С той поры всякое дружество и знакомство промеж прежних друзей прекратились. Вбила судьбинушка между ними клин, да такой, что через всю жизнь, как сквозь масло, пошел. Видно, верно иной раз судьбу злодейкой называют? Или это дела наши злодеи так ее выворачивают? Эх, если бы кто точно про то ведал…
«Глаза бы мои не видели, уши не слышали», — думал Петр, но о товарище бывшем, нет-нет, да вспоминал. Тем более, как узнал, что женился тот таки на Клаве, и зажили они в отцовском гусинском доме. «Вот ведь подлец! Мне же назло, — кипел как самовар Петр. — И не собирался, а женился. Ну, погоди же у меня!» Рождались в голове фантастические картинки о том, что, будто бы, приедет он однажды в Гусинец сущим богачом, на персональной «Волге», с карманами, набитыми деньгами. «Лопнет тогда Колька от зависти. Хватит его удар, — недобро мечтал Петр, — и на кладбище его — туда и дорога! А Клавка мне в ноги упадет: прости, мол, ошибка вышла, не признала тебя в свое время. А я — ноль внимания. Я еще и на могиле его спляшу. А что? Спляшу! Русскую плясовую. Так и завелась в его душе, как раз в той самой темной ямине, дурная мысль — сплясать на могиле бывшего сотоварища — пристала, как пластырь к болячке. Просто беда!
Он, как один оставался, так иной раз и впрямь плясал, воображая невесть что. Вроде бы как репетировал…

* * *

А жизнь шла своим чередом. Петр Петрович переехал в город Псков, устроился на машзавод, в общежитие комнату получил… Потом, как время прошло, женился, дите первое родилось, а через год другой он и квартирой однокомнатной обзавелся. Повезло, что называется. Но богатства никакого так и не нажил. В мечтах все схоронилось: и «Волга», и сберкнижка со многими нулями, и раздутые от денег карманы… Про Николая теперь вспоминал редко: так, как выпьет иной раз в праздник какой, но русская плясовая в памяти засела крепко. Иногда он срывался и зачинал в квартире дикий танец. Плясал с остервенением, выкидывая ноги высоко вверх. Детей пугал, а жену - кому сказать? - доводил этим прямо до исступления. Про Николая с Клавкой краем уха слышал, что тоже где-то в городе обосновались. Колька мечту свою исполнил, выучился-таки на начальника, важным стал.
Может быть, так и прожил бы Петр Петрович врозь со старым дружком, не сталкиваясь, как говорится, лбами, да и позабыл бы того вовсе; раз от разу реже приплясывал бы себе после двухсот граммов выпитого, попыхивая, как выкипающий самовар, но вмешалась та самая судьба-судьбинушка.
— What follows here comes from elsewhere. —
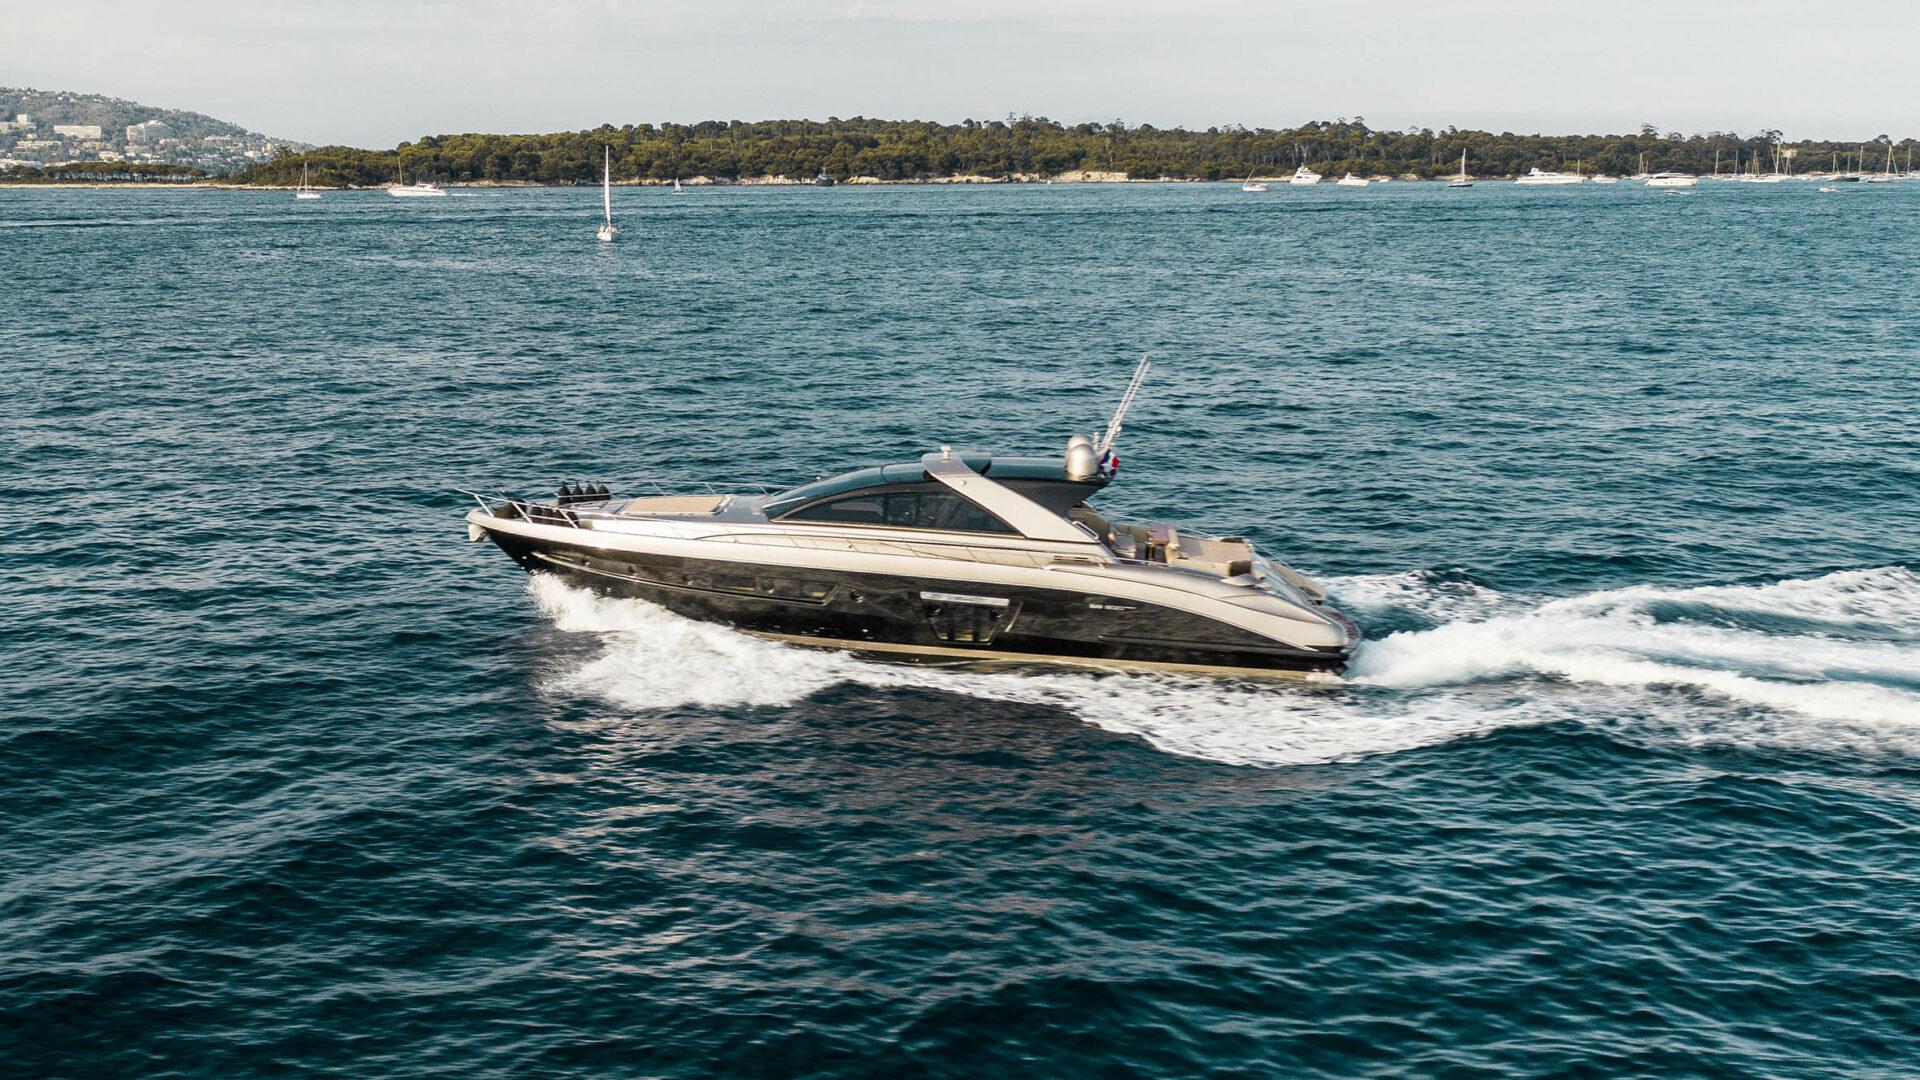 https://lengersyachts.de/wp-content/uploads//2018/09/Riva-Ego-Super-20-exterior-Lengers-Yachts-4-1920x1080.jpg
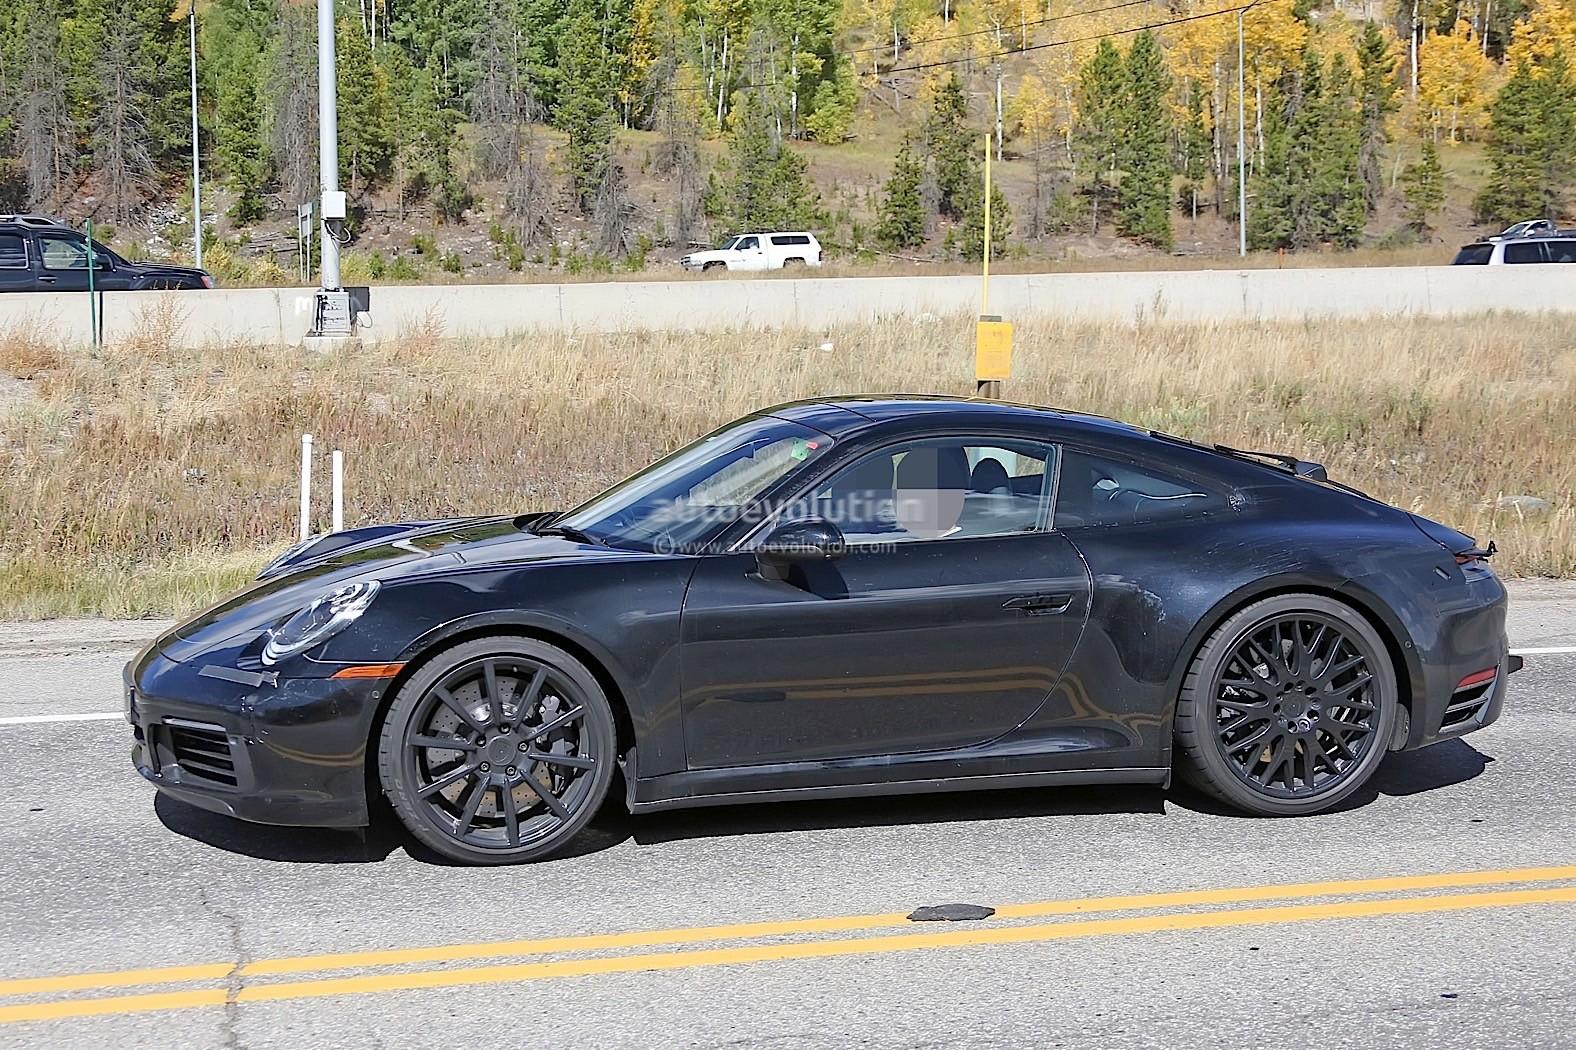 2019 porsche 911 spied at nurburgring gets closer to production autoevolution. Black Bedroom Furniture Sets. Home Design Ideas

К той поре оттрубил Петр Петрович на родном заводе более пятнадцати лет. Очередь подходила на расширение жилплощади, так что на досуге уж обдумывали с женой какую мебель прикупать, но тут принесла нелегкая на их завод злополучного дружка-приятеля Кольку, теперь уж Николая Антоновича. Определился тот мастером в соседний цех. Петр Петрович первым про то узнал; а как узнал — так душа разом и обмерла. Прилила к груди слабость и вязкая тяжесть обволокла сердце. «И что за напасть? — думал. — Не бить же меня будет, да и не такой дюжий мужик-то Николай». А тот, кстати сказать, постарел — тут уж без дураков — животик основательно распирал пиджачок, плешина вылезла на лоб, да и лицо скуксилось, покраснело, еще и очки кургузые на нос прилепились. В общем, — никакой тебе мужицкой стати и вида — все растерял. Не мужик, а плюнуть и растереть. «И на кого меня Клавка променяла?» — дивился Петр Петрович, но все равно боялся встречи и как мог ее берегся: в другую смену перевелся и следил, чтобы не перекрестились их пути. «Работяг, как я, много, — успокаивал себя Петр Петрович, — авось и не повстречаемся. А то, может быть, и уйдет куда-нибудь Колька?» Но тот не уходил, и пути их все же вскоре перекрестились…
Пришел как-то Николай Антонович по надобности на завод не в свою смену, и лоб в лоб столкнулись они в раздевалке, прямо у шкафчика Петра Петровича (и зачем, окаянный, забрел-то сюда?). Закаменел Николай Антонович лицом, очки зачем-то снял, взялся протирать… но узнал. Узнал!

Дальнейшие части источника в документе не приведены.